## INFORMATION PROVIDED
◆ ◆ ◆ ◆ ◆ ◆ ◆

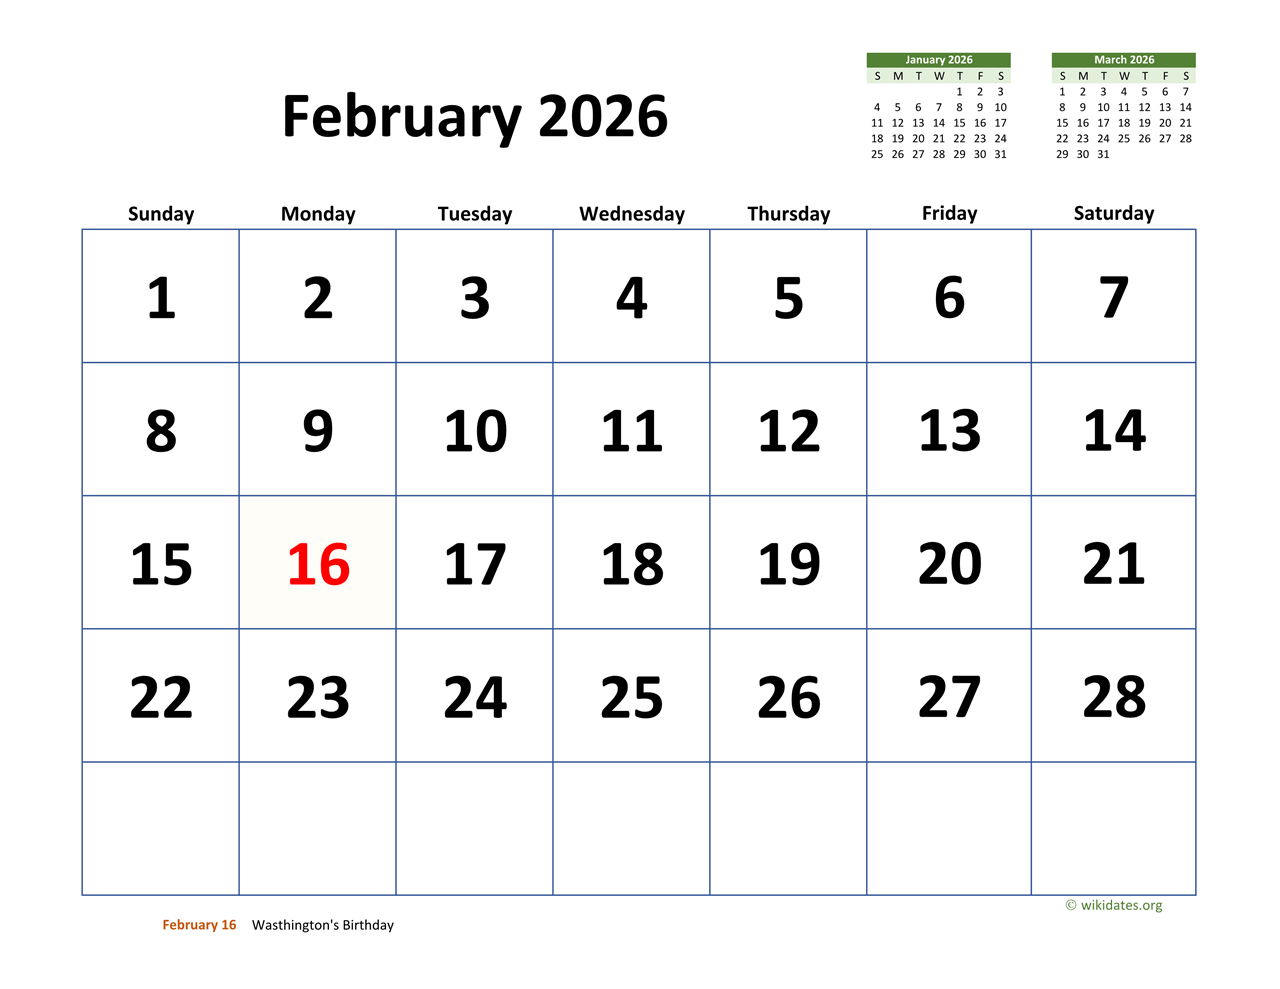 February 2026 Calendar with Extra-large Dates | WikiDates.org
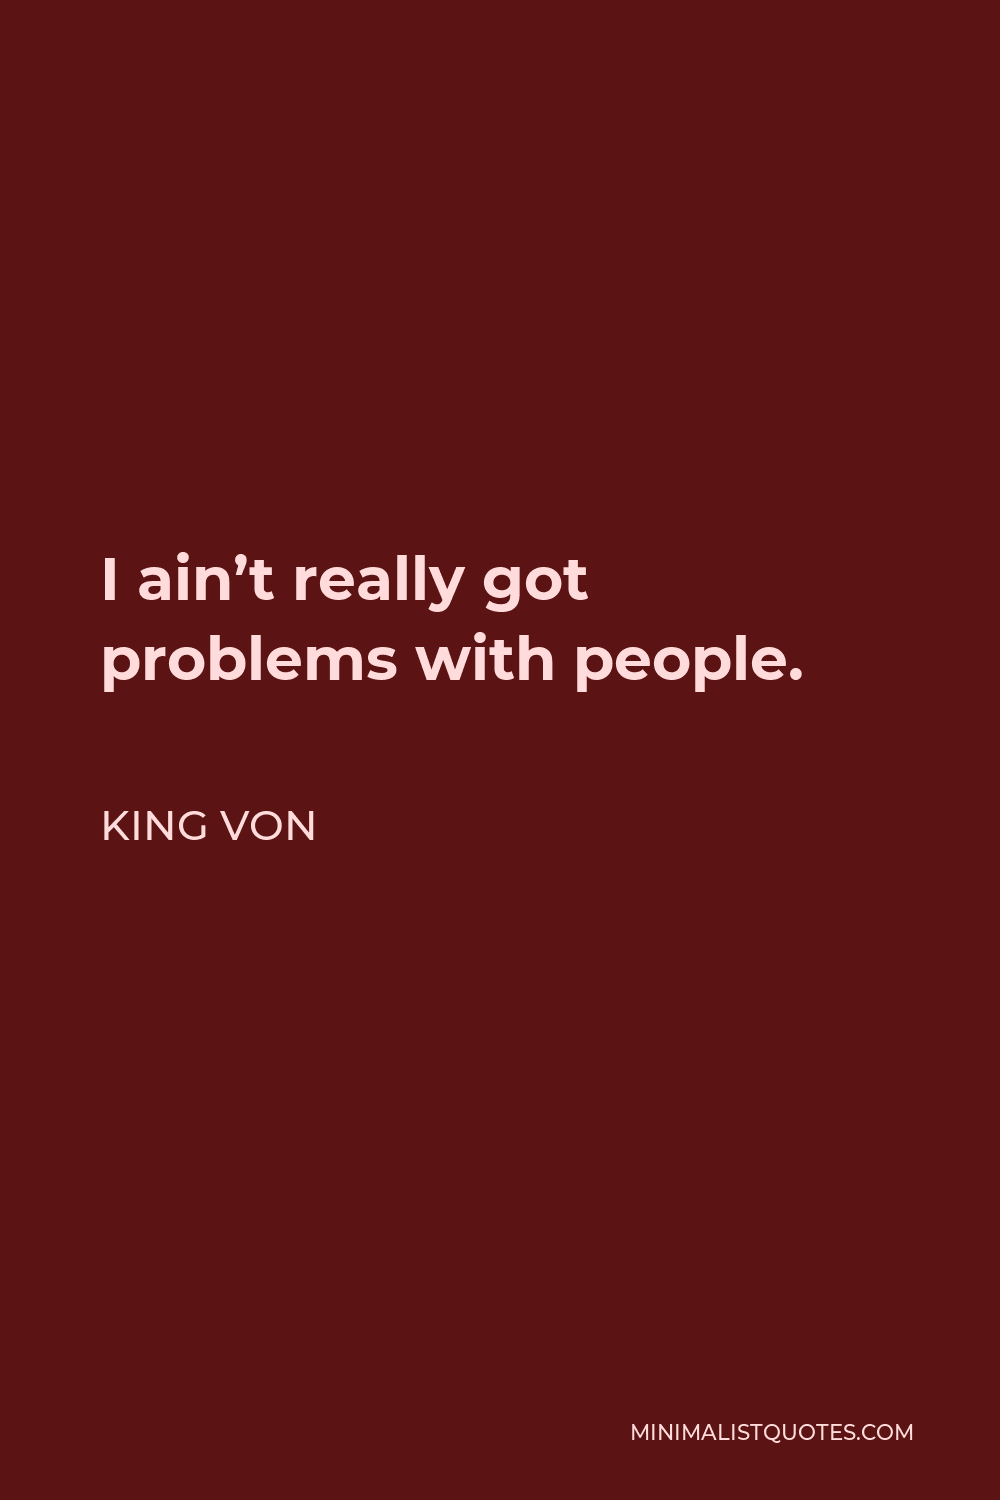 King Von Quote - I ain’t really got problems with people.
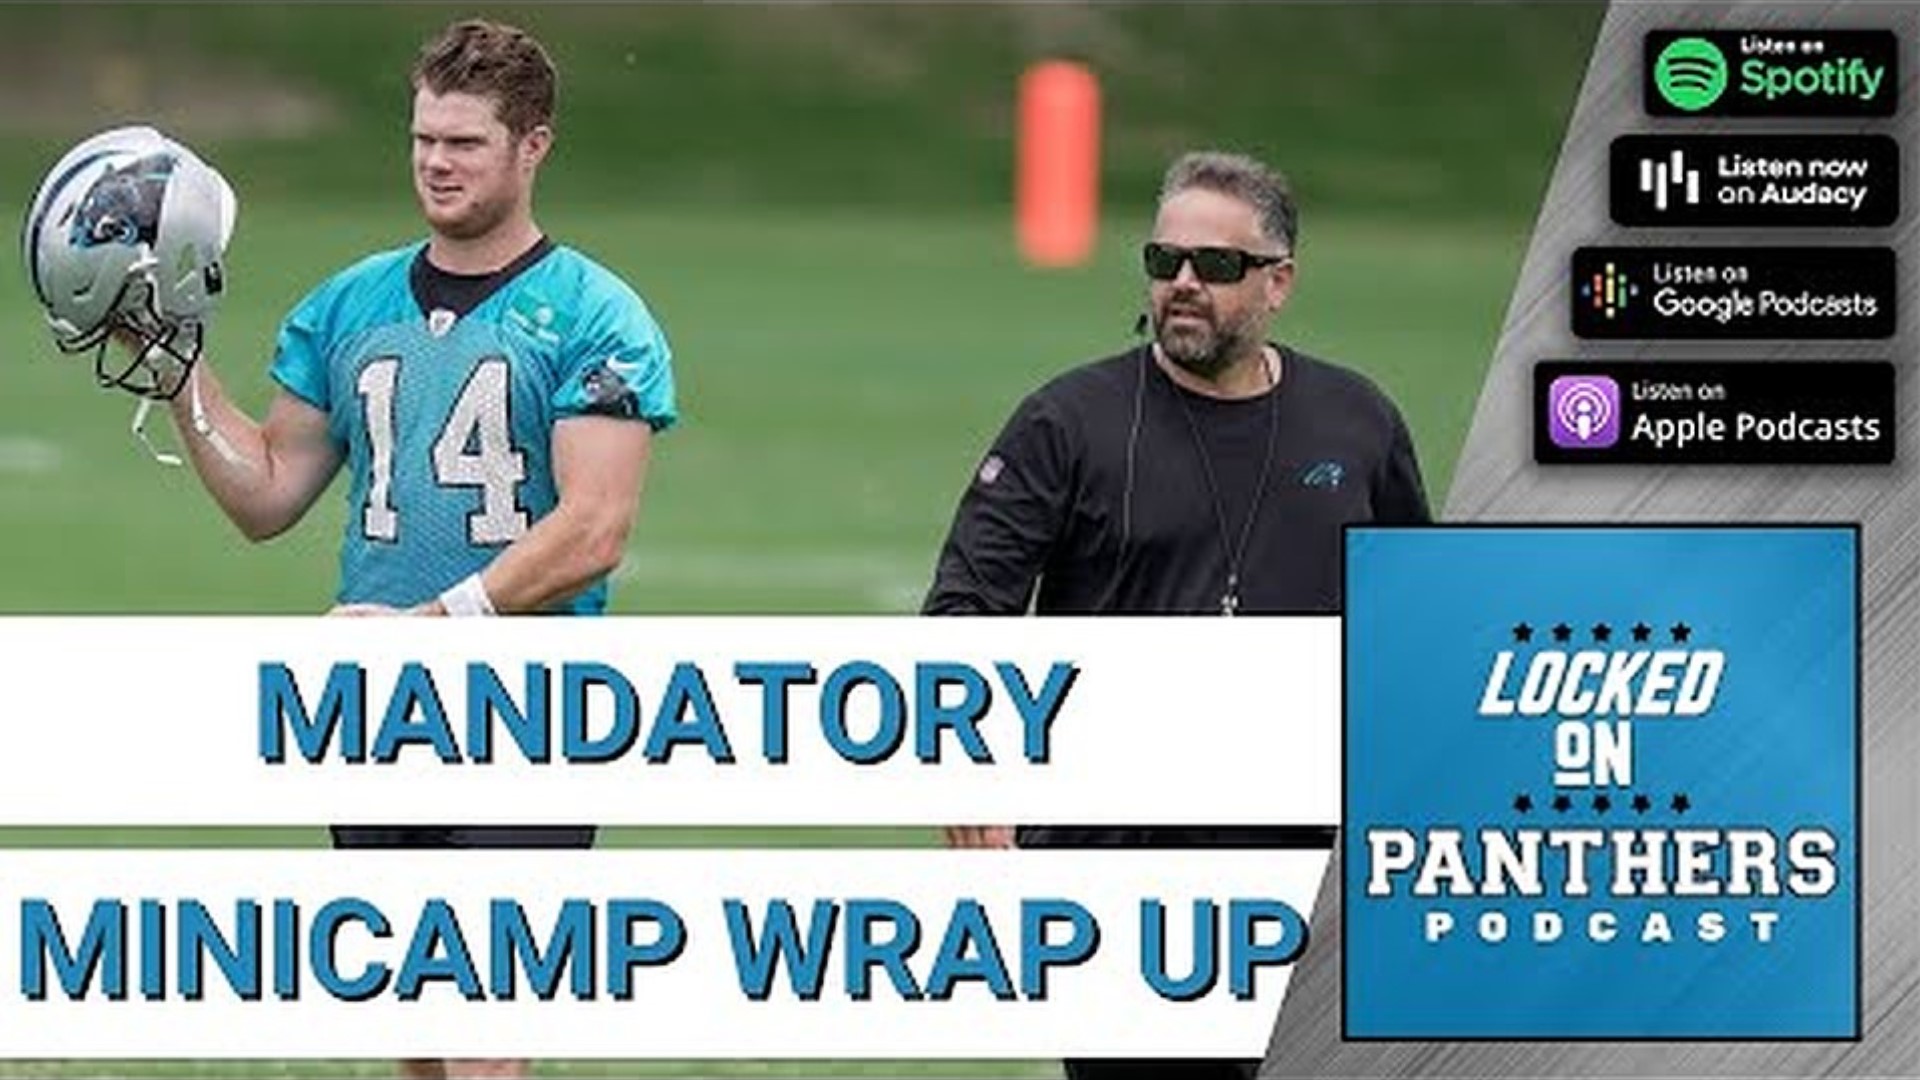 WCNC Sports Director Nick Carboni joined Julian Council to wrap up the Carolina Panthers mandatory minicamp.

◆ ◆ ◆ ◆ ◆ ◆ ◆

## EXERCISE DETAILS
A word-for-word copy of all the data is required, minus the pictures.

## EXERCISE RESPONSE
 February 2026 Calendar with Extra-large Dates | WikiDates.org
 King Von Quote - I ain’t really got problems with people.
 WCNC Sports Director Nick Carboni joined Julian Council to wrap up the Carolina Panthers mandatory minicamp.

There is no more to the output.